FreeInference Deployment

FastAPI + systemd (current)

We serve OpenRouter-compatible traffic directly through a FastAPI application listening on port 80. Removing Nginx reduces operational overhead, keeps debugging straightforward, and lets systemd own the lifecycle of the gateway process.

Overview

┌─────────────┐      ┌─────────────────┐      ┌────────────────────┐
│  OpenRouter │─────▶│ FastAPI Gateway │─────▶│ Model Executors... │
└─────────────┘      └─────────────────┘      └────────────────────┘
  • FastAPI binds to 0.0.0.0:80 and exposes /v1 endpoints consumed by OpenRouter clients.

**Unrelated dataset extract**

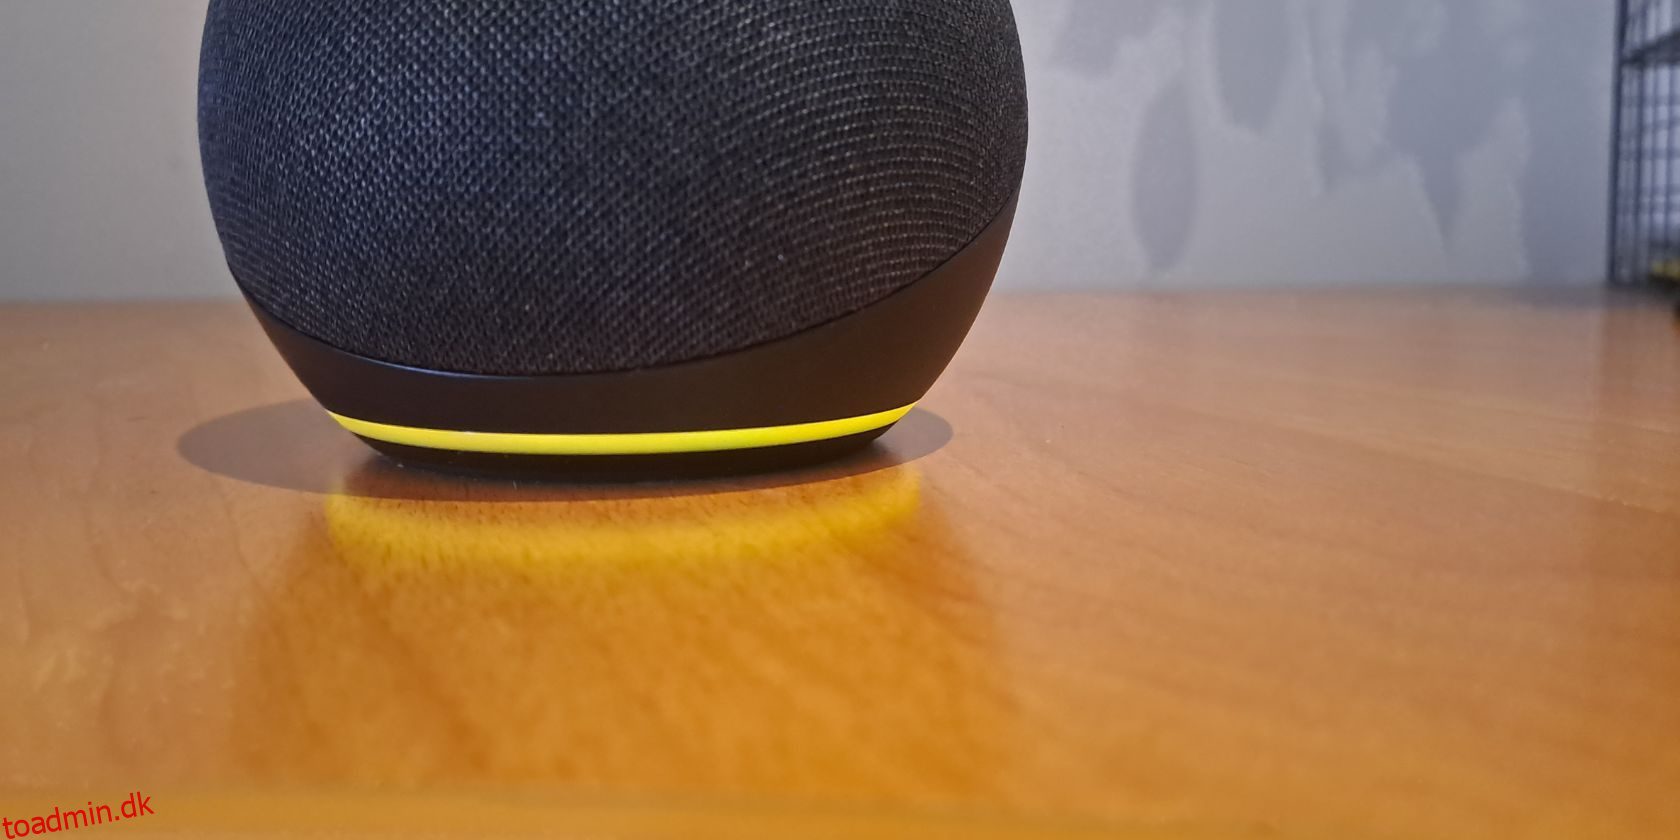 Sådan deaktiveres det gule blinkende lys på din Amazon Echo-enhed

  • The gateway handles request authentication, routing, and backpressure before invoking the selected model adapter.

  • systemd supervises the process, ensuring automatic restarts after crashes or host reboots.

Deployment Steps

  1. Install runtime dependencies

    Ensure Python environment and model weights are ready. Confirm the FastAPI entry point (serving.servers.bootstrap:app) is reachable via uvicorn or the configured launcher script.

  2. Create the unit file

    sudo tee /etc/systemd/system/freeinference.service <<'UNIT'
    [Unit]
    Description=FreeInference FastAPI service
    After=network-online.target
    Wants=network-online.target
    
    [Service]
    Type=simple
    User=ubuntu
    WorkingDirectory=/home/ubuntu/hybridInference
    ExecStart=/usr/bin/env uvicorn serving.servers.bootstrap:app --host 0.0.0.0 --port 80
    Restart=always
    RestartSec=5
    Environment=PYTHONUNBUFFERED=1
    
    [Install]
    WantedBy=multi-user.target
    UNIT
    

    Replace User, WorkingDirectory, and Environment entries as needed for the target host. The repository carries a maintained version of this unit at infrastructure/systemd/hybrid_inference.service; copy or symlink it into /etc/systemd/system/freeinference.service during deploys.

  3. Reload and enable the service

    sudo systemctl daemon-reload
    sudo systemctl enable freeinference.service
    sudo systemctl start freeinference.service
    sudo systemctl status freeinference.service
    

Runtime Operations

  • Restart on demand: sudo systemctl restart freeinference.service

  • Follow logs: journalctl -u freeinference.service -f

  • Health check: curl https://freeinference.org/health

  • List registered models: curl https://freeinference.org/v1/models | jq

Why We Dropped Nginx

  • FastAPI already terminates HTTP and exposes the required OpenRouter-compatible endpoints.

  • Nginx added another moving part, increasing failover complexity and opaque error handling.

  • Debugging latency or request routing is simpler when traffic is handled in a single process.

Legacy Architectures

Nginx (v2, abandoned)

We briefly fronted FastAPI (running on port 8080) with vanilla Nginx that exposed http://freeinference.org on port 80 and terminated TLS for the public endpoint. Once Cloudflare took over edge SSL duties, the extra hop mostly added deployment and observability complexity without material benefit, so the setup was removed.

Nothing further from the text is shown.